◆ **About this task**:
Make an exact copy of all the data, pictures excluded.

◆ **Information shown**:
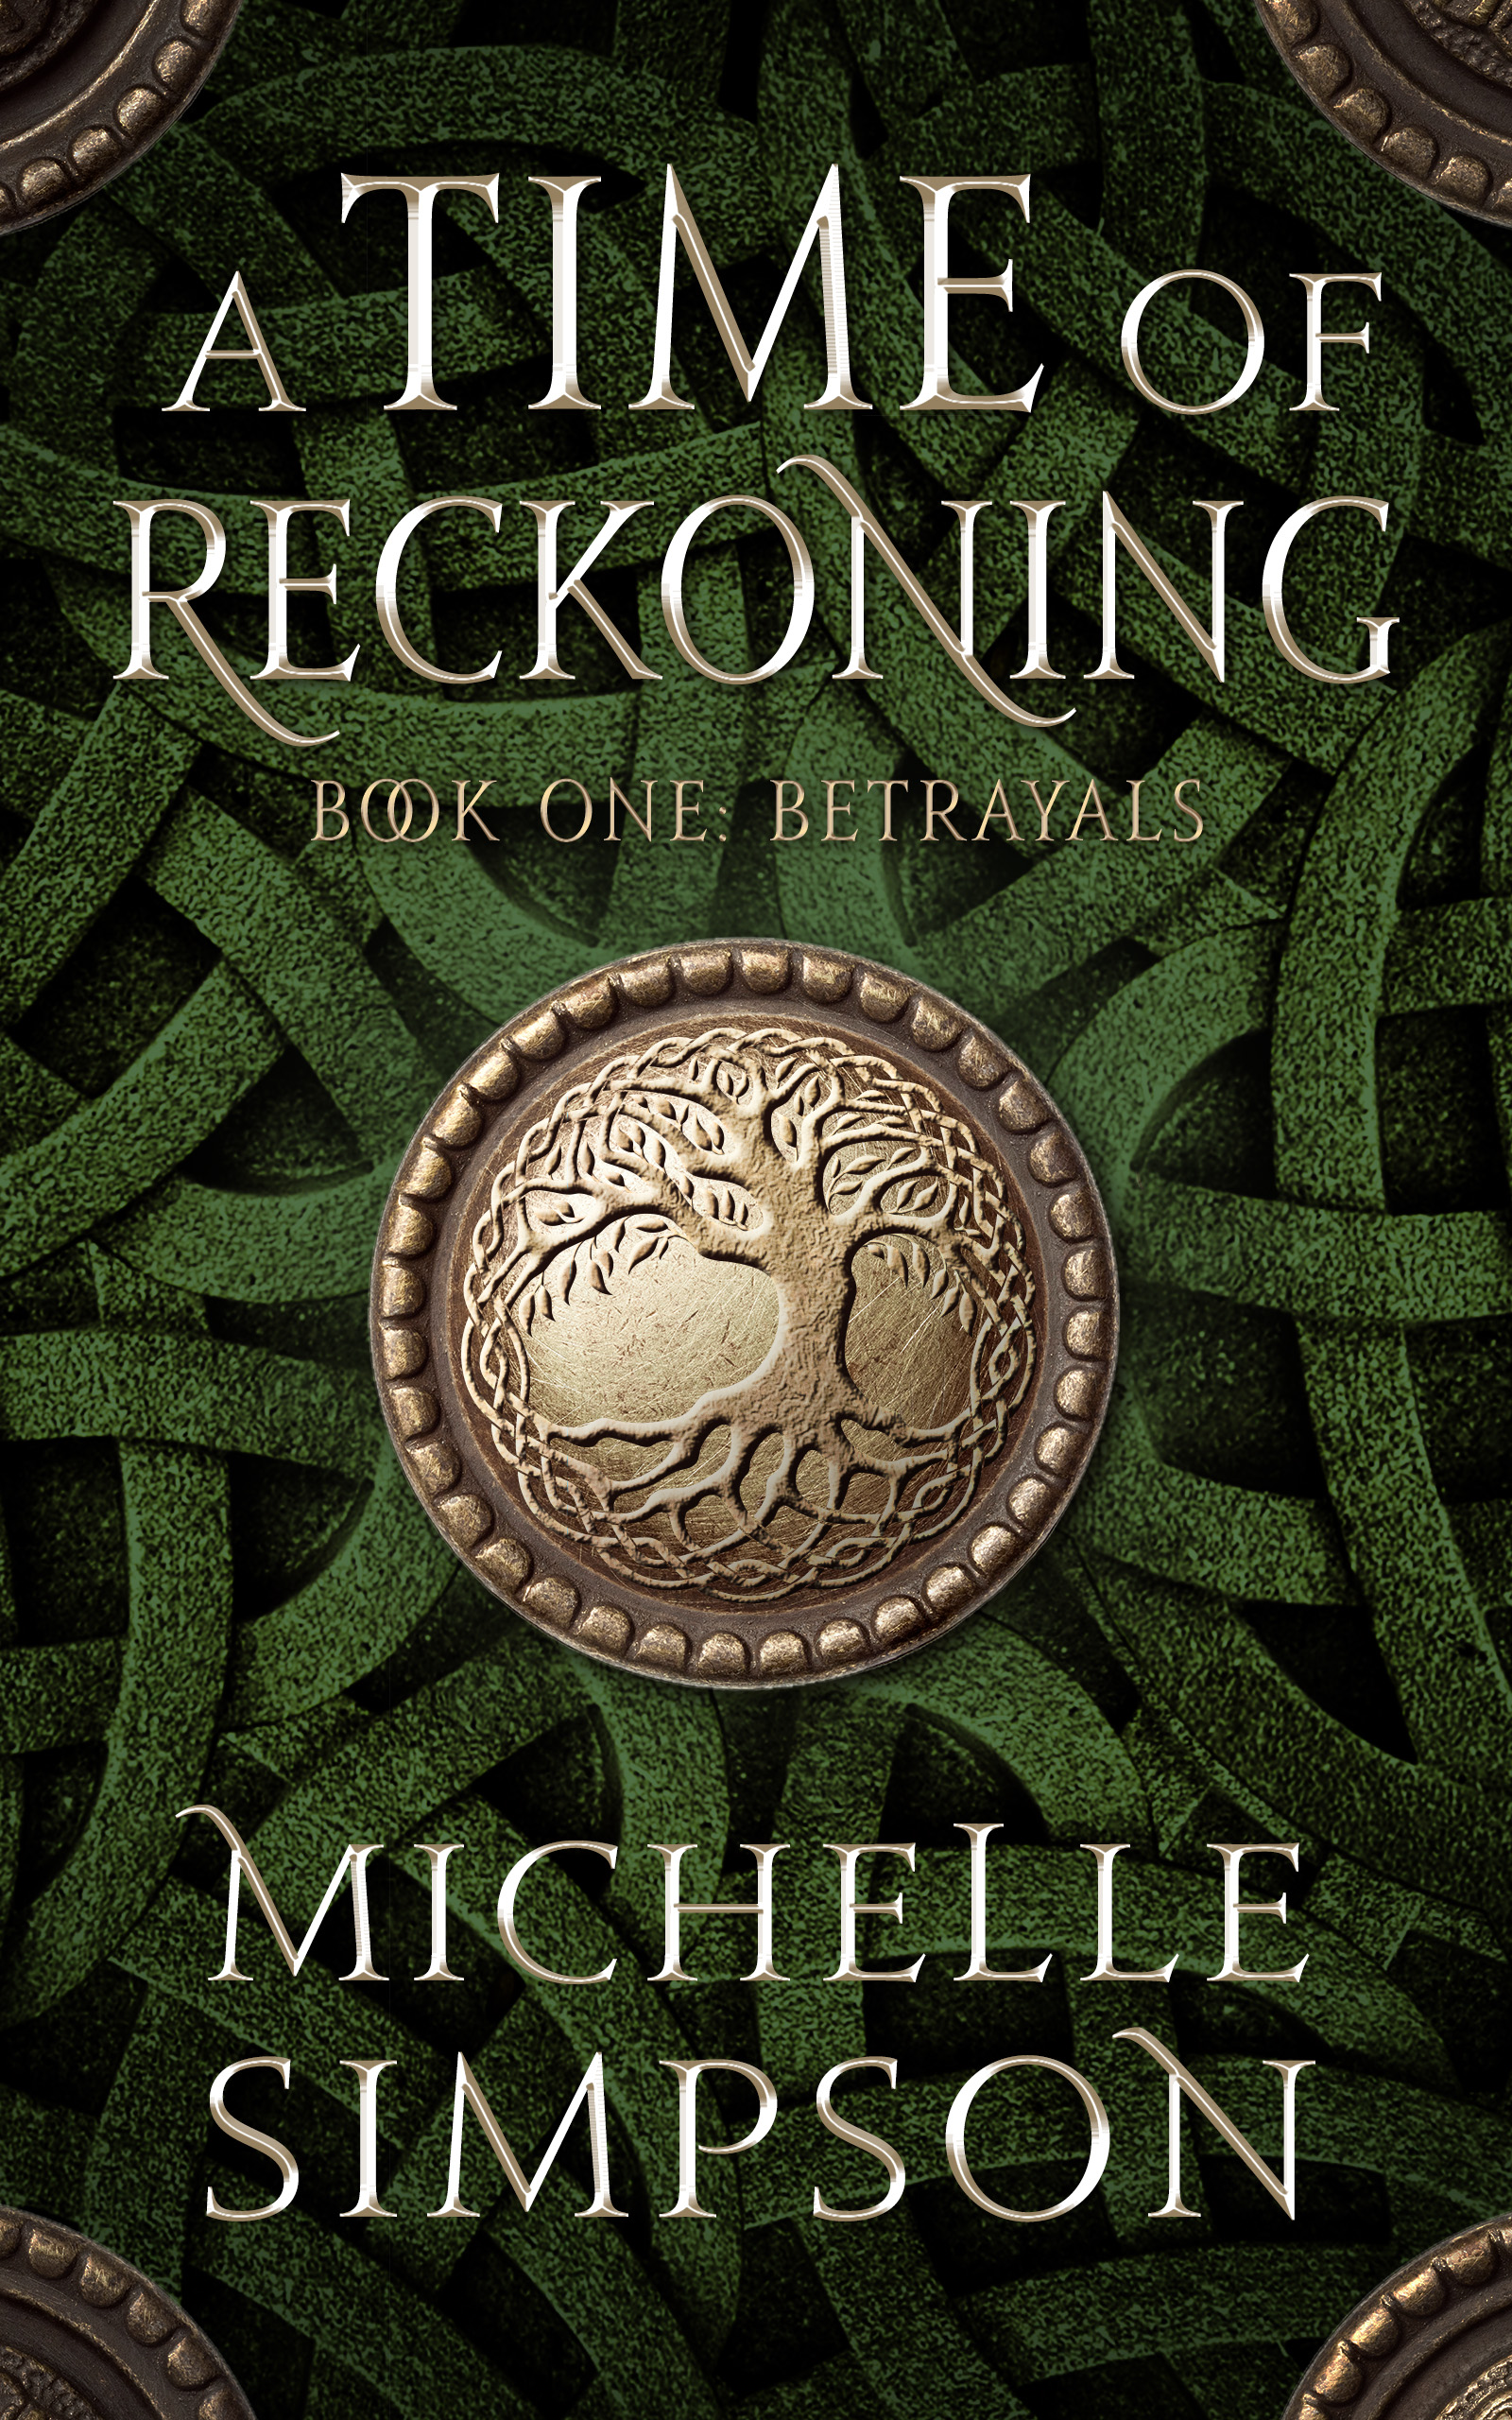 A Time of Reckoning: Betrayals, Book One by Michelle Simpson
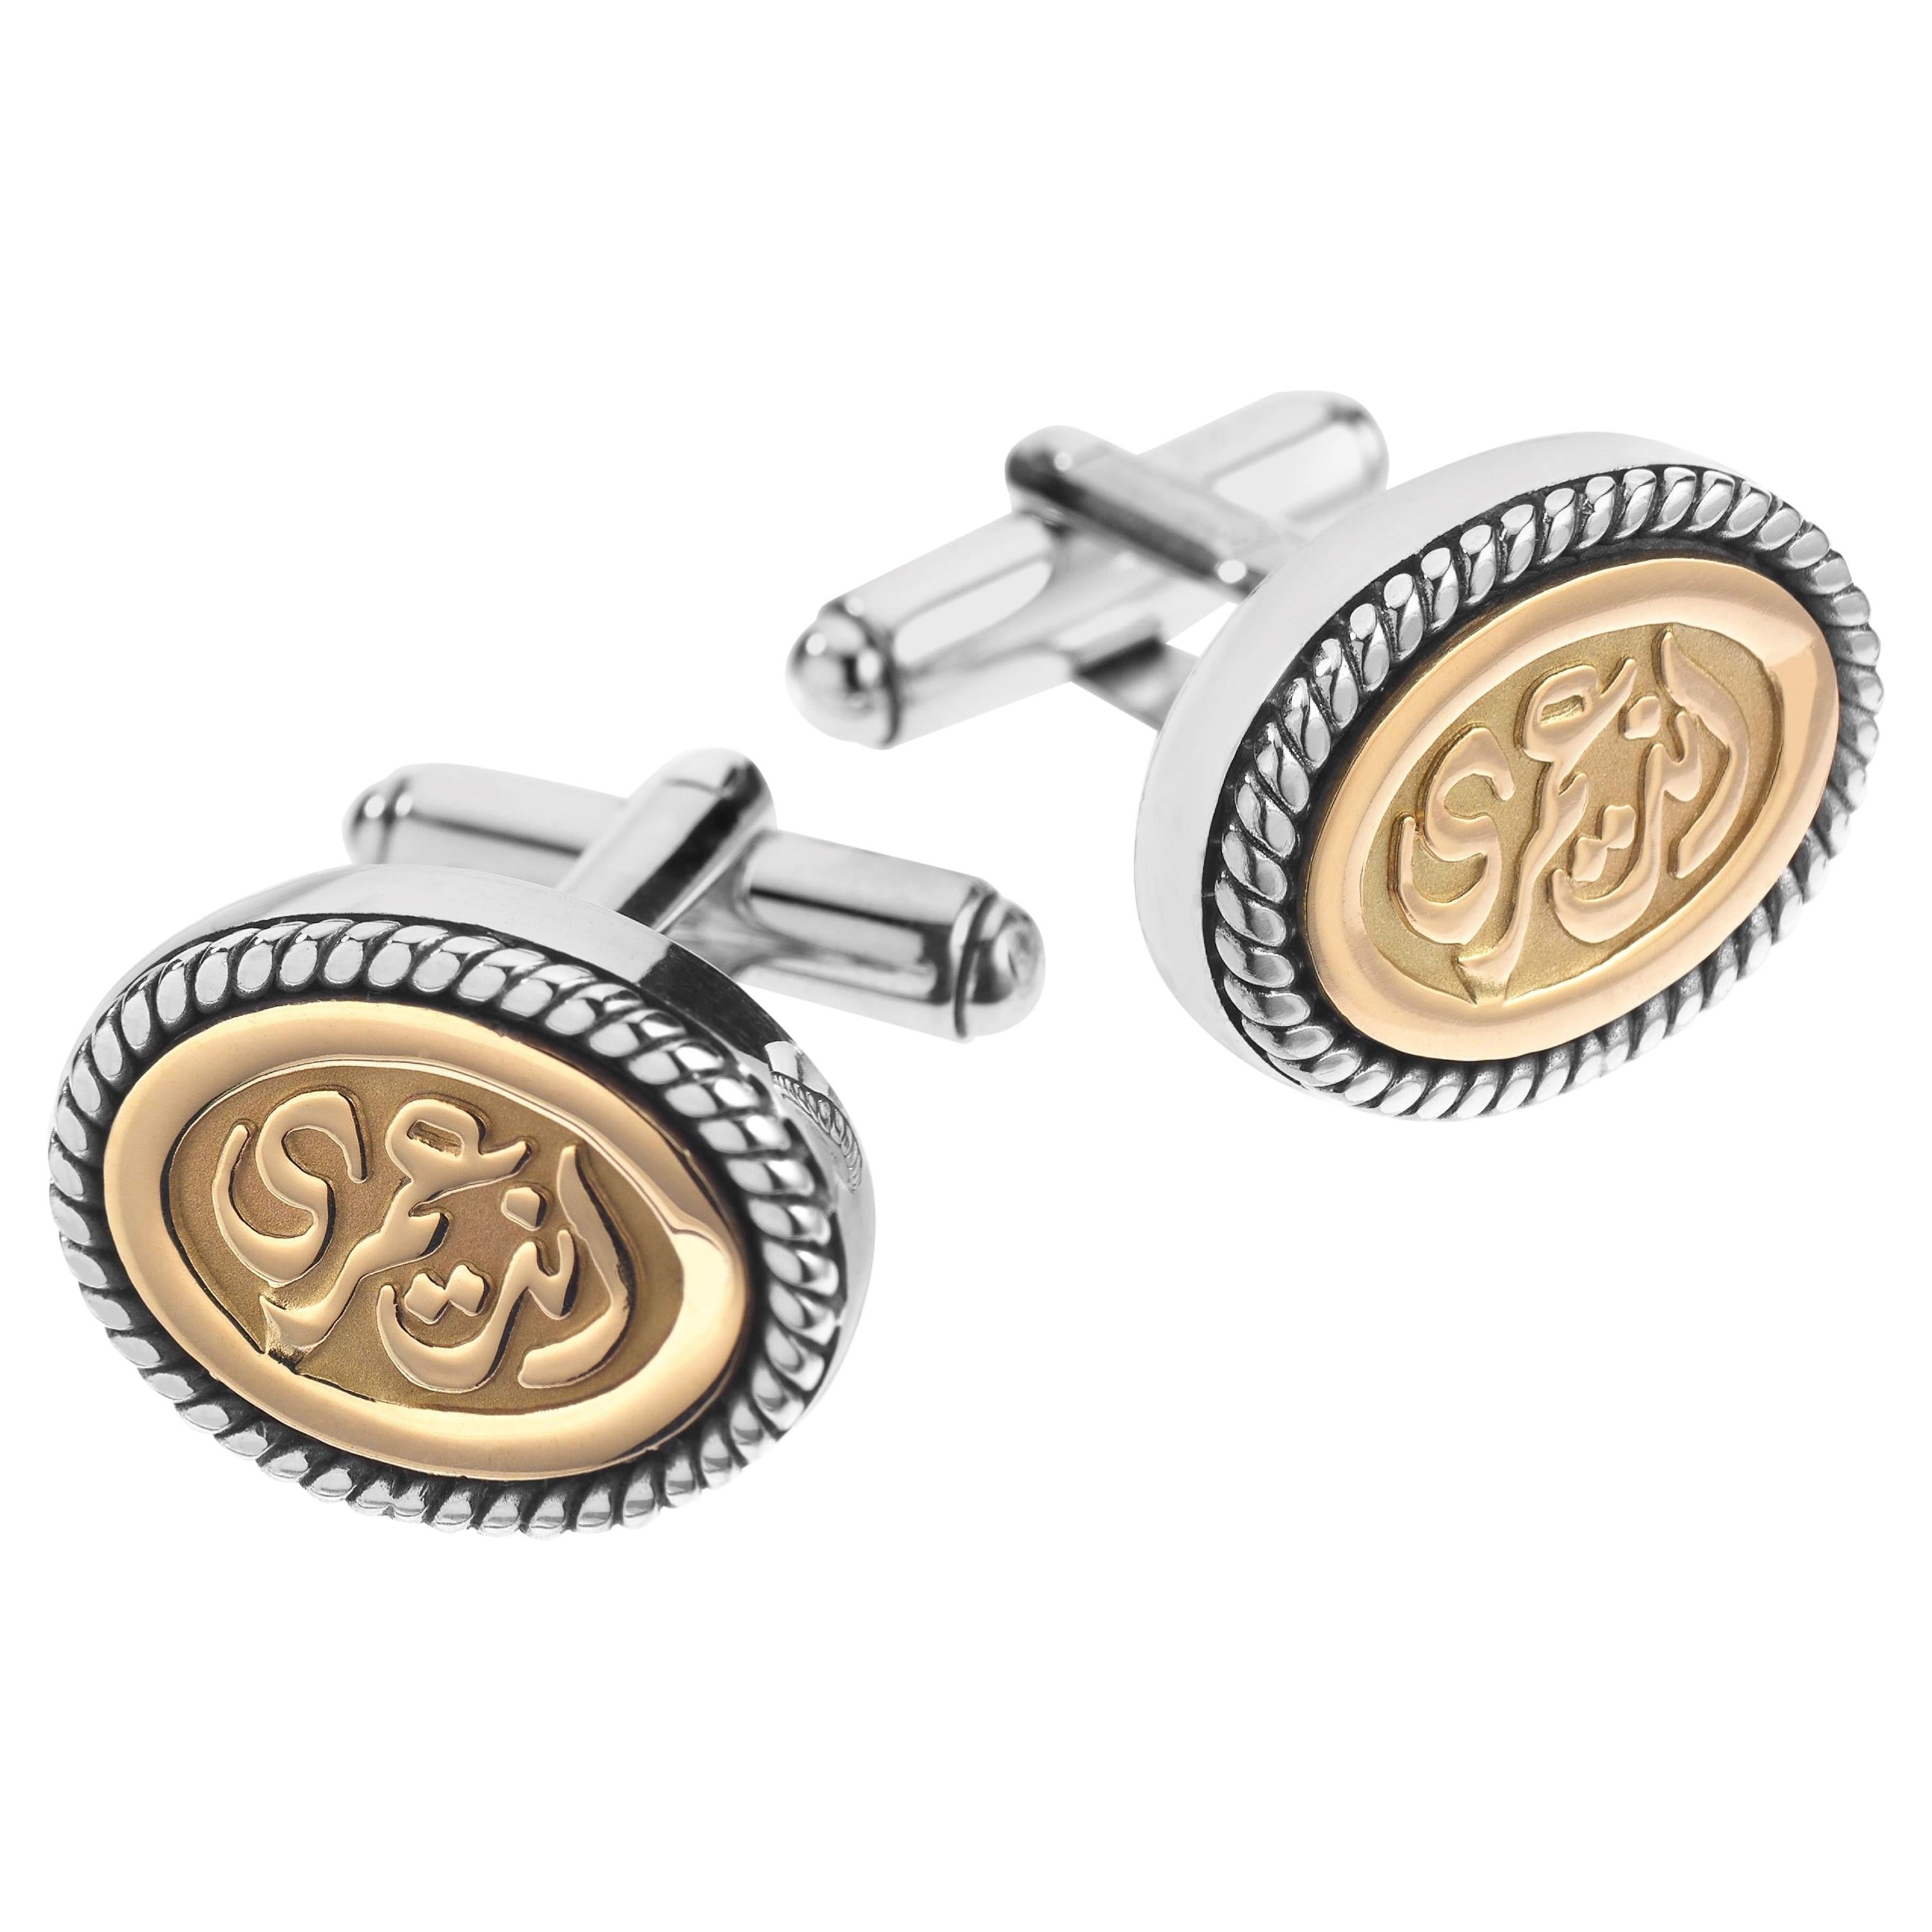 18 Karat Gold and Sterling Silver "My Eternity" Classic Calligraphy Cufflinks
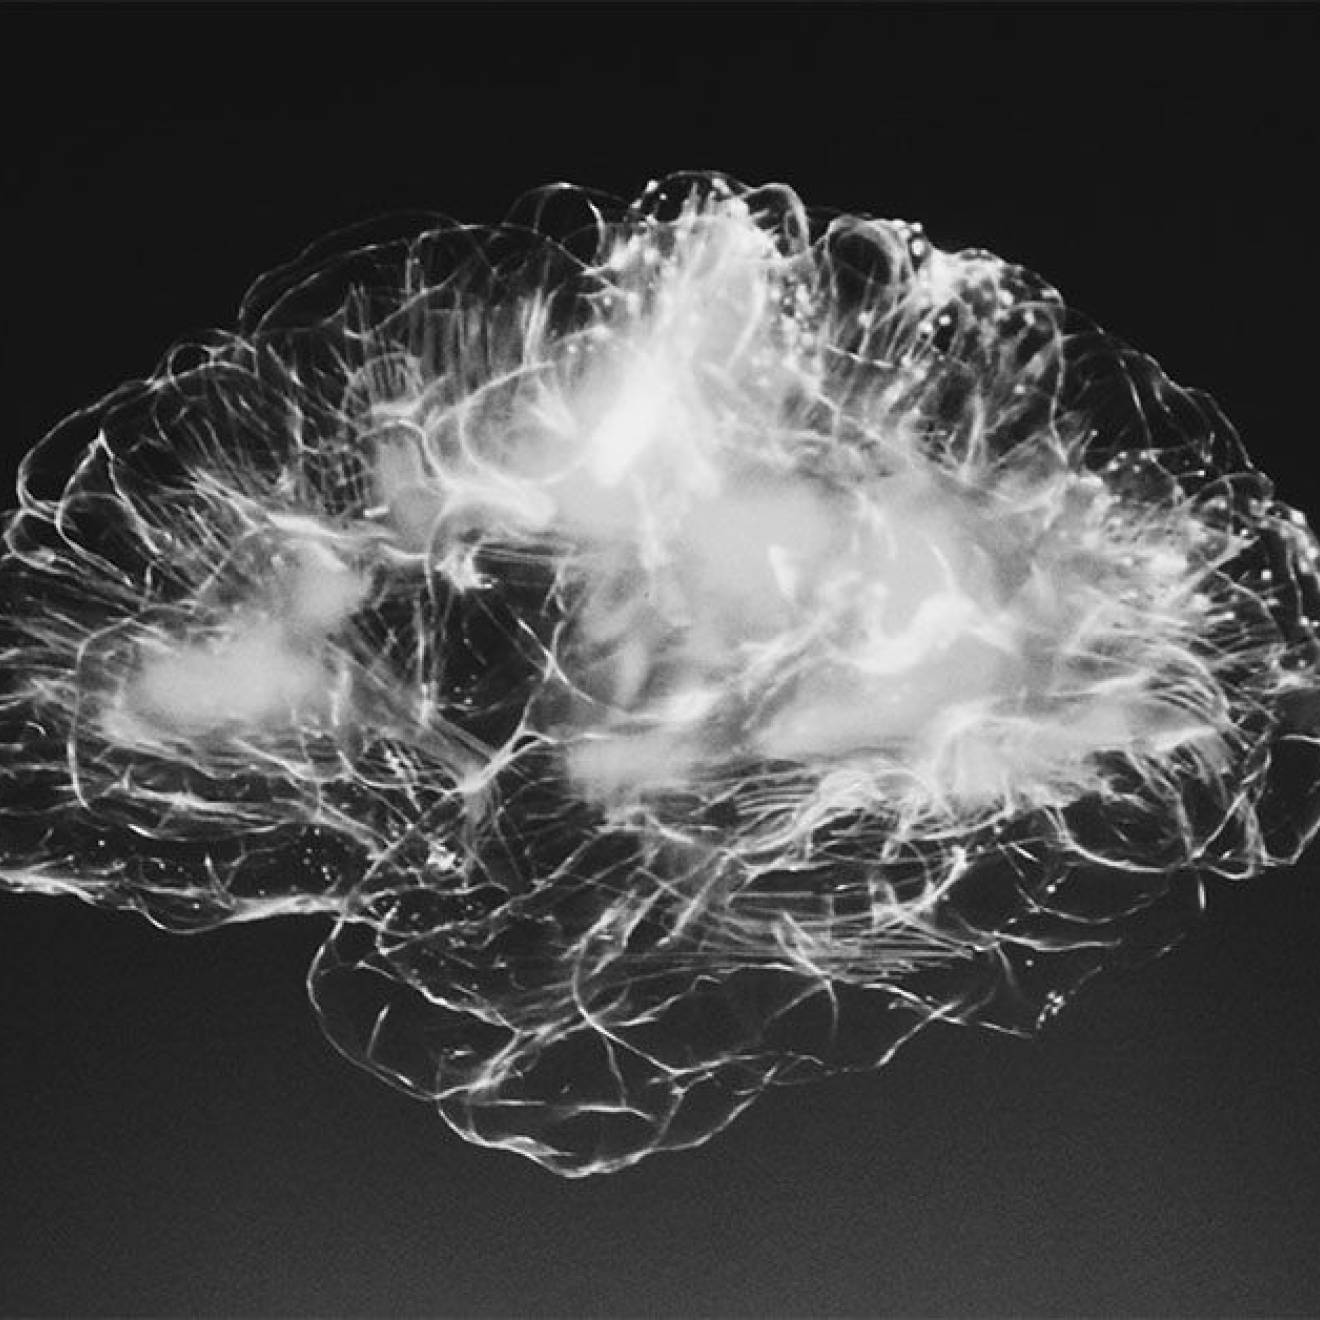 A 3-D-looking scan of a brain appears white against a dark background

◆ **Reply**:
 A Time of Reckoning: Betrayals, Book One by Michelle Simpson
 18 Karat Gold and Sterling Silver "My Eternity" Classic Calligraphy Cufflinks
 A 3-D-looking scan of a brain appears white against a dark background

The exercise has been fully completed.